Today, on World AIDS Day 2007, hundreds, perhaps thousands, of men who have sex with men (MSM) will become infected with HIV in cities across the Asia Pacific, becoming the latest statistics in an almost unrecognised but ever-growing crisis that many governments in the region are only just beginning to grapple with. As these efforts take shape, the Asia Pacific Coalition on Male Sexual Health (APCOM) - a regional coalition of civil society groups, government representatives and the United Nations system - is offering its partnership to develop and support new strategies aimed at tackling this regional challenge.
Paradoxically, it may be more challenging for APCOM to draw attention to the MSM HIV issue. The recent adjustment downwards of global HIV and AIDS figures has been construed in some quarters as an indication that the AIDS crisis has been "exaggerated" all along.

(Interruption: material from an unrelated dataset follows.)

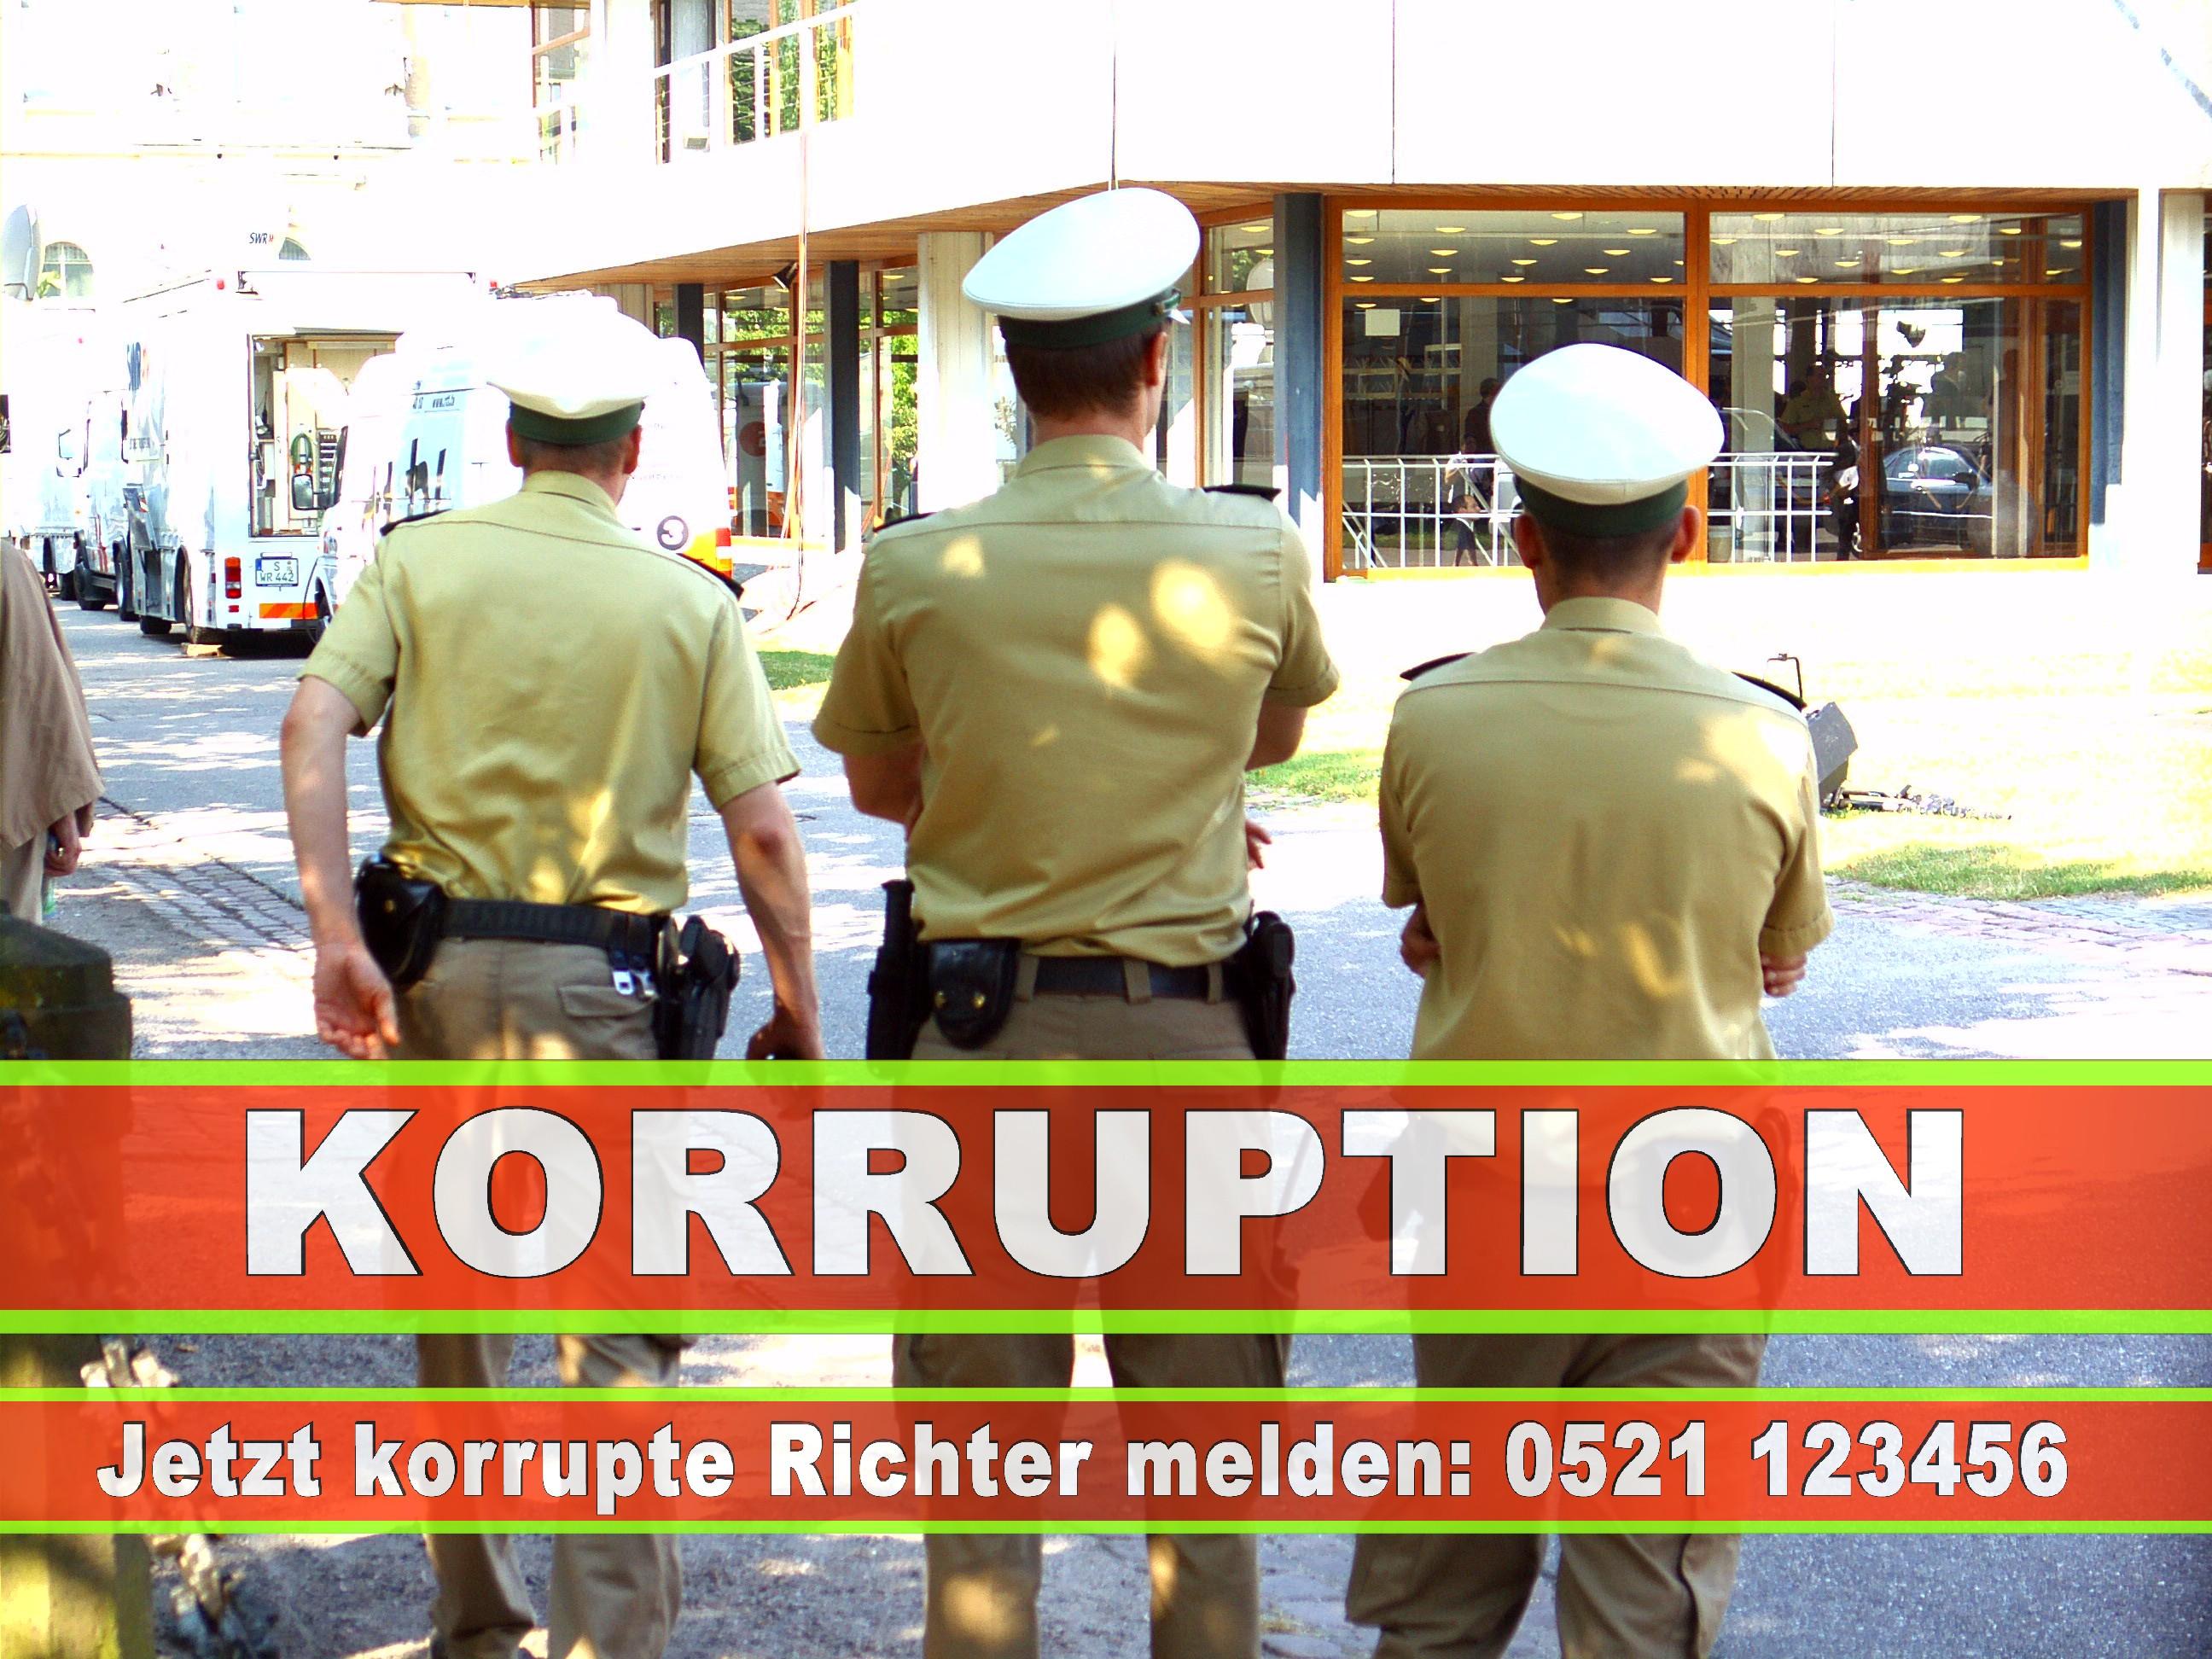 Bundesverfassungsgericht Karlsruhe Richter Korruption Aufgaben Urteile Termine Anfahrt Bilder Fotos Adresse Telefon 5

However, APCOM and the stakeholders it represents are urging the Asia Pacific region, and indeed the world, not to confuse the true picture.
Most MSM who contract HIV today in city after city in the Asia Pacific region will never know they harbour the virus until they become ill with advanced symptoms. Without that knowledge, they probably will not change the very behaviours that put them, as well as their partners and loved ones, at risk. A recent survey in a major Asian capital suggested as many as 32 percent of MSM there are HIV positive. In other cities across the region, HIV infection rates for MSM range from estimates anywhere from 5 percent to 15 percent or 20 percent and higher.
"Despite MSM having higher infection rates than the general adult population, the financial investment for HIV prevention, care and support services for this marginalised group across the Asia Pacific is abysmally low in national HIV and AIDS programme planning, usually between zero and four percent," says Shivananda Khan, APCOM Chairperson and CEO of Naz Foundation International.
"Less than one in ten MSM in the region have access to any sort of HIV services, woefully short of the eight in ten that UNAIDS describes as optimal coverage necessary for high-risk groups. Is it any surprise then that we really don't have a clear picture of the true extent of the HIV crisis affecting men who have sex with men?"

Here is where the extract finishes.